# Компьютерные технологии > СОФТ (SOFT) >  Помогите с Mp3

## mihails11

А какой программой можно записать CD с Mp3, чтобы трэки шли без пауз, только проги типа Traktor и Acid Pro не надо предлагать, ди джейские не хочется, может есть попроще, потому что простые CD в Неро запросто делать можно 
Nero Burning Rom-выделяем трэки-Edit-Properties-Cross fade ставим галочку и сами ставим секунды сколко надо, но вот как сделать таким же вариантом Mp3..Может поможетеИИ
__________________

----------


## Kimmeriez

Так в неро так и делается. Выделяешь все треки кроме первого. Паузу ставишь 0 сек. На первом треке оставь как есть 2 сек. И будет тебе диск без пауз.

----------


## mihails11

Но мне надо Mp3 записать на CD, где идут подряд сразу по 100 трэков, а не простой CD, это можно так в простом диске  сделать, а в Mp3 нет такой возможности к сожалению....

----------


## Kimmeriez

А... Просто недопонял. Так мп3 можно воспроизводить тож без пауз между песнями. Это просто доп плагины всё к тому же винампу есть... Типа нон-стопа.

----------


## mihails11

Но мне же надописать на диски, а не прослушивать на компе...Мне прога для записи нужна!

----------


## Kimmeriez

Так если ты записываешь простой диск с данными (в данном случае mp3), то какие тут паузы вообще могут быть? Ты же не треки пишешь, а файлы сливаешь.

----------


## mihails11

Я пишу в Неро и там всегда паузы плучаются почему то между трэками...

----------


## Kimmeriez

Так... Давай не будем возвращаться)) Паузы Неро ставит исключительно когда записываешь Audio CD (формат cda). Но ты говоришь, что тебе надо записать mp3 по 100 штук, потому надо записывать диск с данными (ISO). Там пауз нету, так как это отдельные файлы, а не треки. Паузы могут появиться только если проигрывать их на проигрывателе, в котором переход с одного файла на другой идёт с паузой. Уже в винампе версии 2.81 вроде бы есть плагина нонстопа.

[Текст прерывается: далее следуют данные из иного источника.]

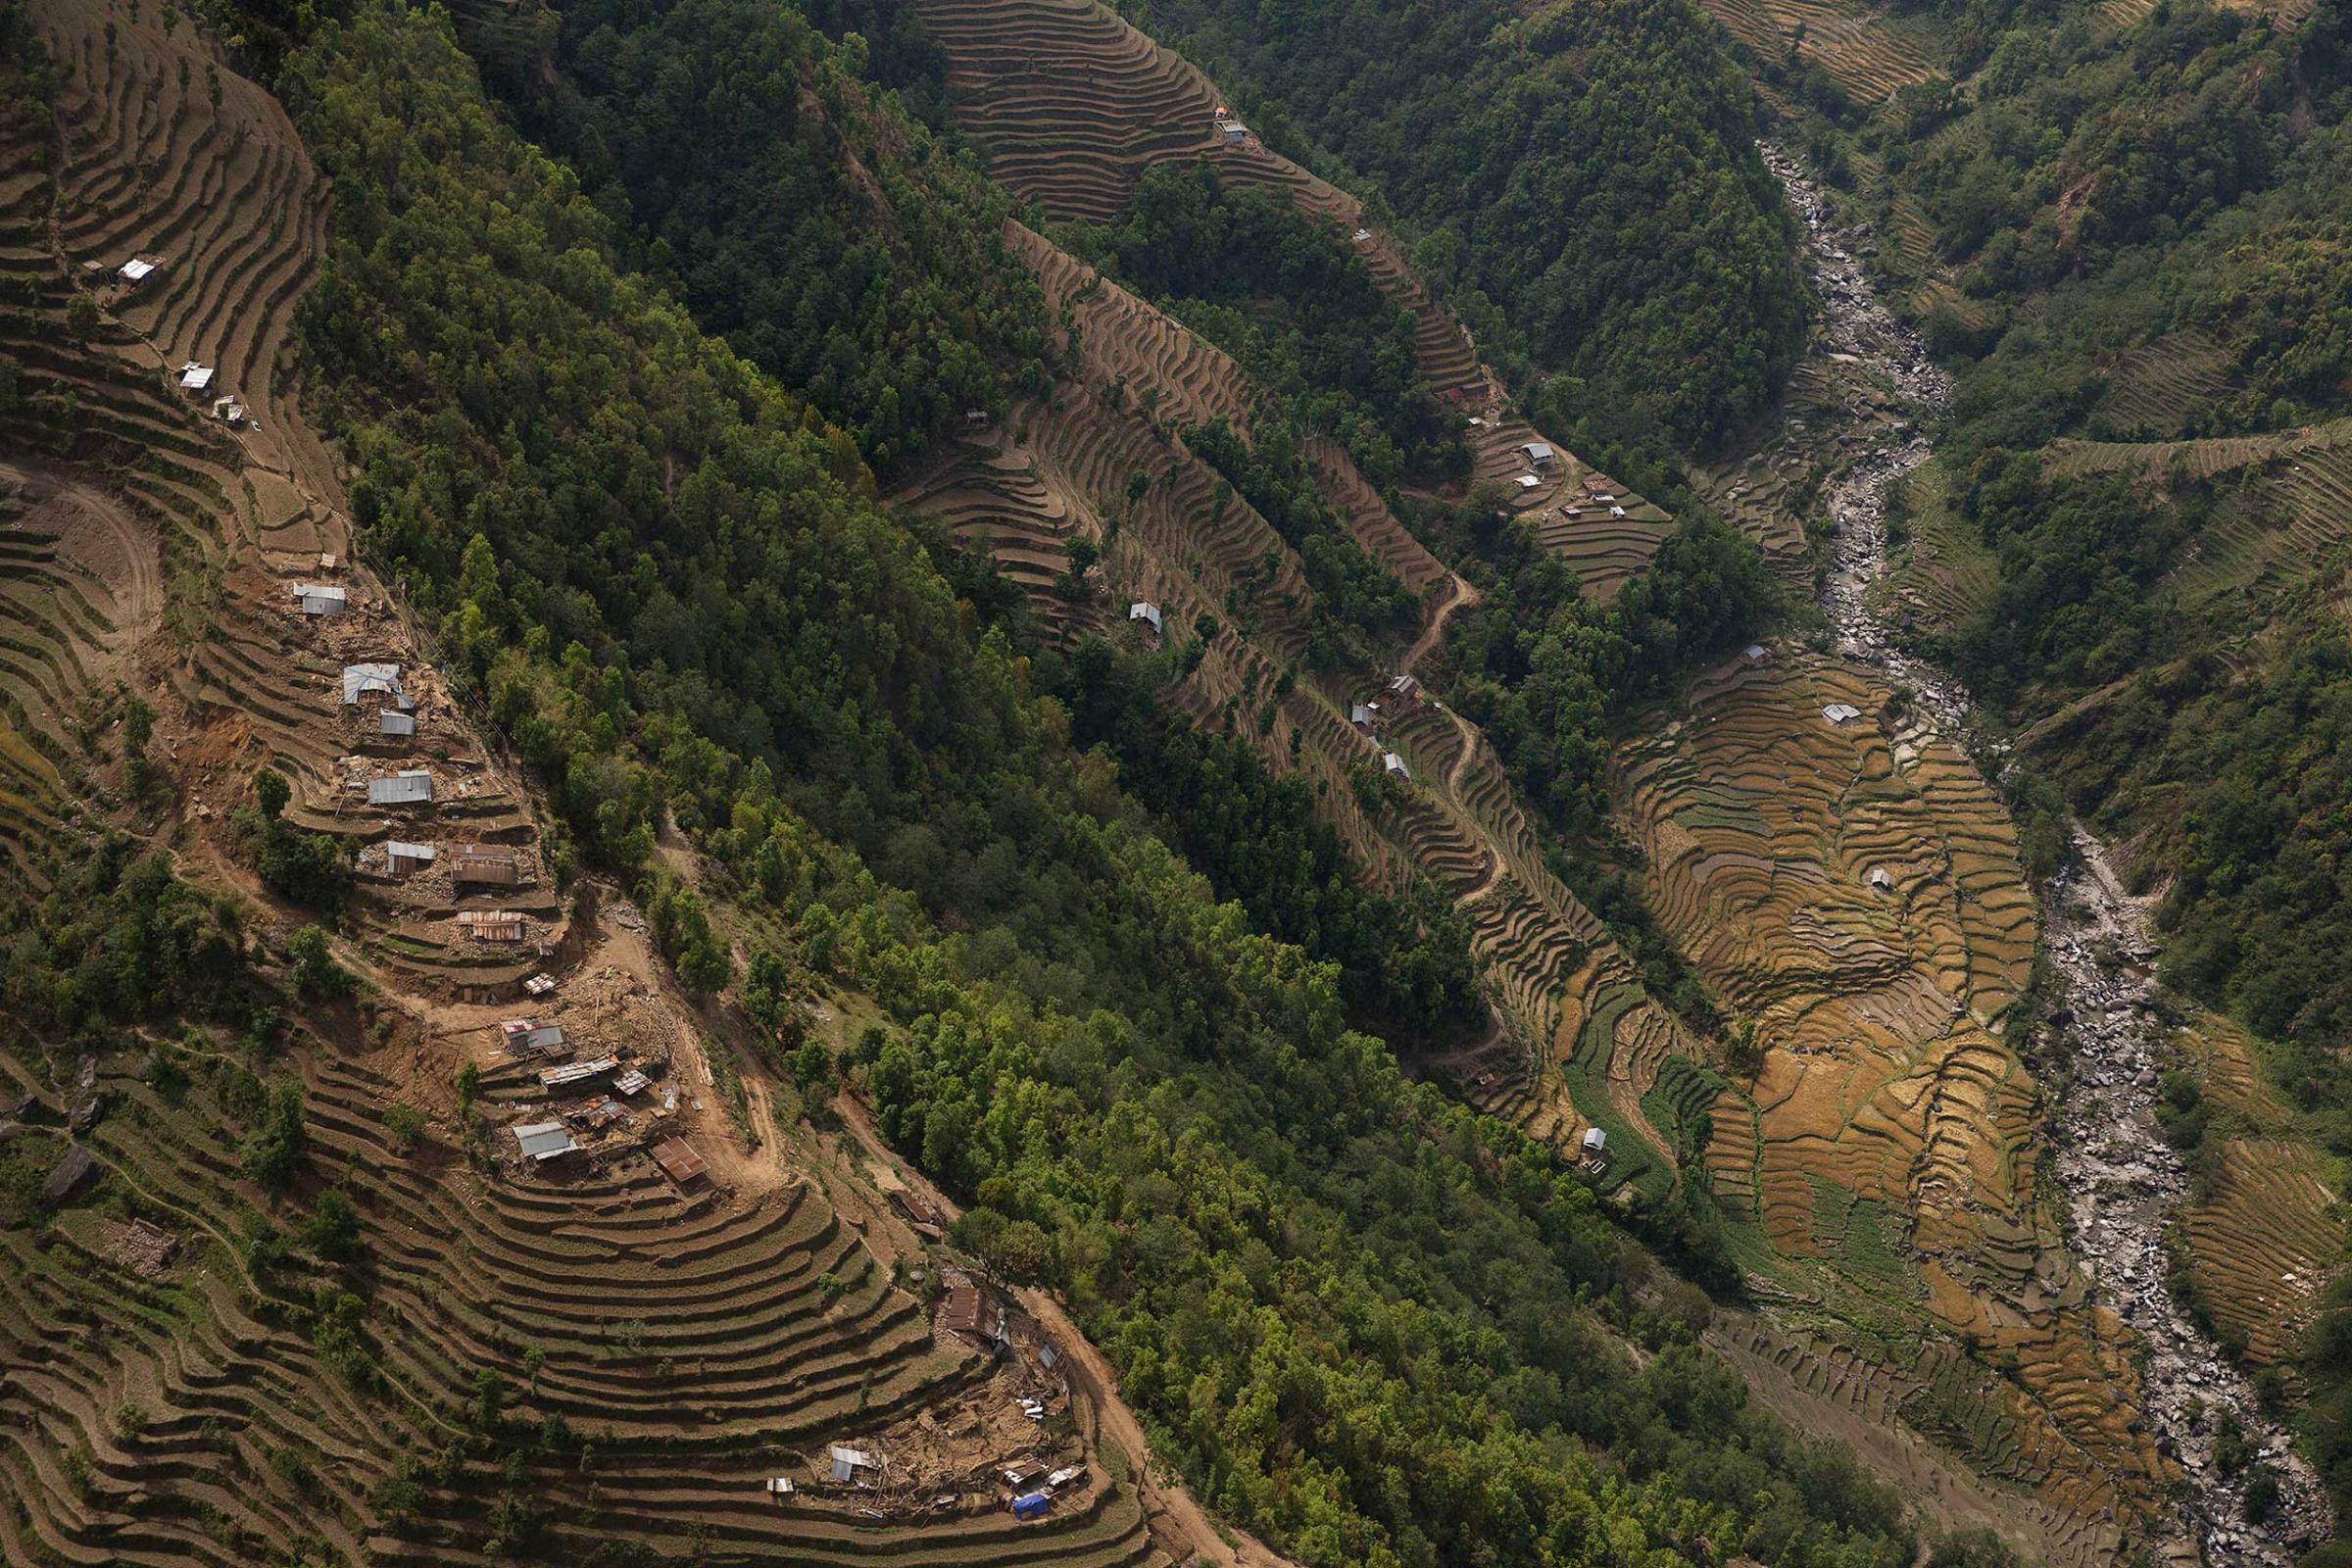 Nepal earthquake. Town of Sankhu. Mush of town was destroyed. People digging out their possessions. Aerial images of Nuwakot district, hit by the earthquake and not able to be reached by aid and rescue teams. Farming villages built atop steep hillsides with cascading, terraced fields.by James Nachtwey

Может быть ещё вариант, когда в mp3 файле записано в начале или конце файла пустое место. В этом случае надо это место вырезать вручную. Для этого много существует софта. Я к примеру предпочитаю Sound Forge.

----------


## CyberShadow

Если плеер производит mp3 с паузами, то можно слить все аудио-файлы в один .mp3. Но при этом, теряется качество (от перекодирования, если они в разних битрейтах, хотя теоретически можно сделать и VBR...), названия песен, и способность выбирать какую-то песню (все будут производится от начала в такой последовательности какой их слил).

----------


## mihails11

А поэтапно и подробно можешь весь этот процесс описать?

----------


## CyberShadow

Ну, самый простой вариант - использовать обыкновенный звуковой редактор (например Sound Forge). Может для этого существуют и специальные программы, но конкретных примеров не знаю.

----------


## inox

Это легоко сделать с Audio Cutter Joiner

----------